A Bank of America spokesman described the conversation as “productive”.
A JPMorgan representative did not immediately respond to CNBC’s request for comment.
While JPMorgan played a role in providing government-backed loans to small businesses during the pandemic, Dimon is skeptical of the scope of Biden’s economic proposals.
On Tuesday, Dimon warned of excessive federal spending. Speaking on the Wall Street Journal’s CEO Council, he warned that the government will not fix the economy simply by throwing money on the problem, and accused state regulation of stifling growth.
And while the majority of small businesses support the administration’s infrastructure plan, 59% don’t believe the corporate tax rate should be raised to pay for it, according to the latest CNBC / SurveyMonkey poll.
This week’s White House Getting Back on Track Tour is designed to help address these concerns. Harris is using her public appearances this week to showcase small businesses not only as part of the government’s economic agenda, but also to help reduce the structural racial inequality exposed during the pandemic.
“Recognizing that reaching low- and middle-income communities, reaching sole proprietorships who are disproportionately represented in color communities meant survival for many of those businesses,” Michael Pyle, Harris’ chief economic advisor, told CNBC.
The public and private focus on small businesses is part of Harris’ attempt to define her own portfolio as the White House seeks to use democratic control of Washington to pass a dizzying series of sweeping reforms: Spending roughly $ 4 trillion Dollars for infrastructure, childcare, and childcare education; Revision of the immigration system; Right to vote; and combating police misconduct.

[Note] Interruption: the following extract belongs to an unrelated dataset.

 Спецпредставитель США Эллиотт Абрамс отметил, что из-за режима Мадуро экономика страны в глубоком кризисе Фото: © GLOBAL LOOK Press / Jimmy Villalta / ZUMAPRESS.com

Biden has already asked Harris to monitor diplomatic reach related to the surge in border crossings and the search for universal broadband. Pyle said Harris’ focus on small businesses and lenders was well ahead of her in office: she helped negotiate with Republicans in December to raise $ 12 billion for community development financial institutions as part of Covid’s aid package.

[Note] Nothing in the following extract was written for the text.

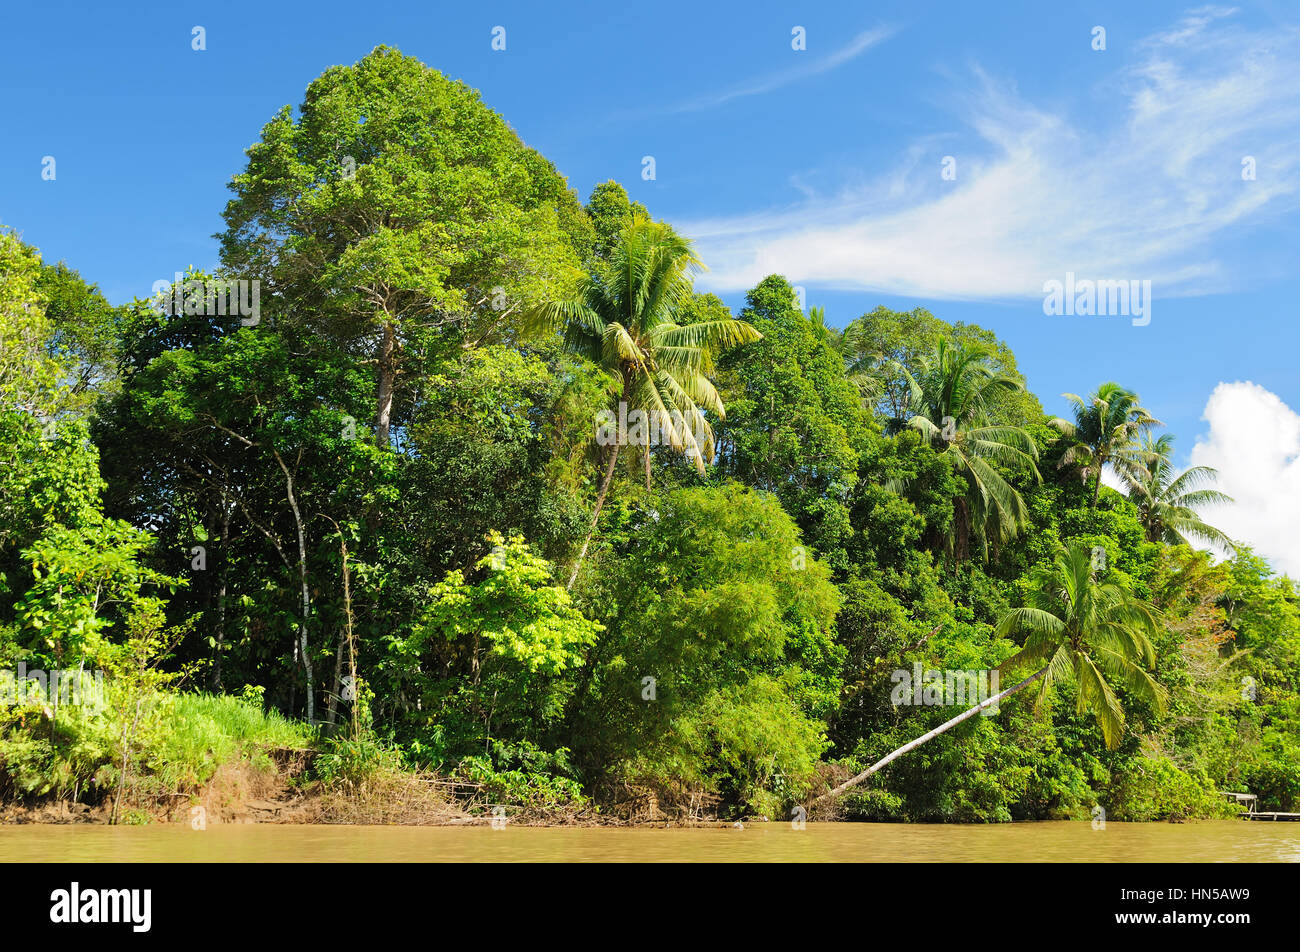 Malerische Aussicht auf den wilden tropischen Dschungel am Fluss Kayan, Ost-Kalimantan, Indonesien-Borneo. Stockfoto

“Part of what Americans aspire to is to set their own course and control their own destiny and the ability to build wealth and success. Small businesses are at the heart of that vision,” said Pyle. “All too often, the process of starting a small business and getting the capital to start a small business has not been there for many underserved communities in this country.”
One of Harris’ longtime campaign advisors, Brian Brokaw, said the vice president’s interest in the issue was waning even further. During her first election in California, Harris took “merchant walks” through immigrant neighborhoods in San Francisco and stopped at each store to speak to the owners. As a district attorney and later attorney general, Harris launched programs to help criminals rejoin the workforce.
“The best way out of a cycle of relapse for many of these low-level offenders was to get them training and skills to support themselves,” Brokaw said. “She has always recognized the link between smart criminal justice reform and economic policy.”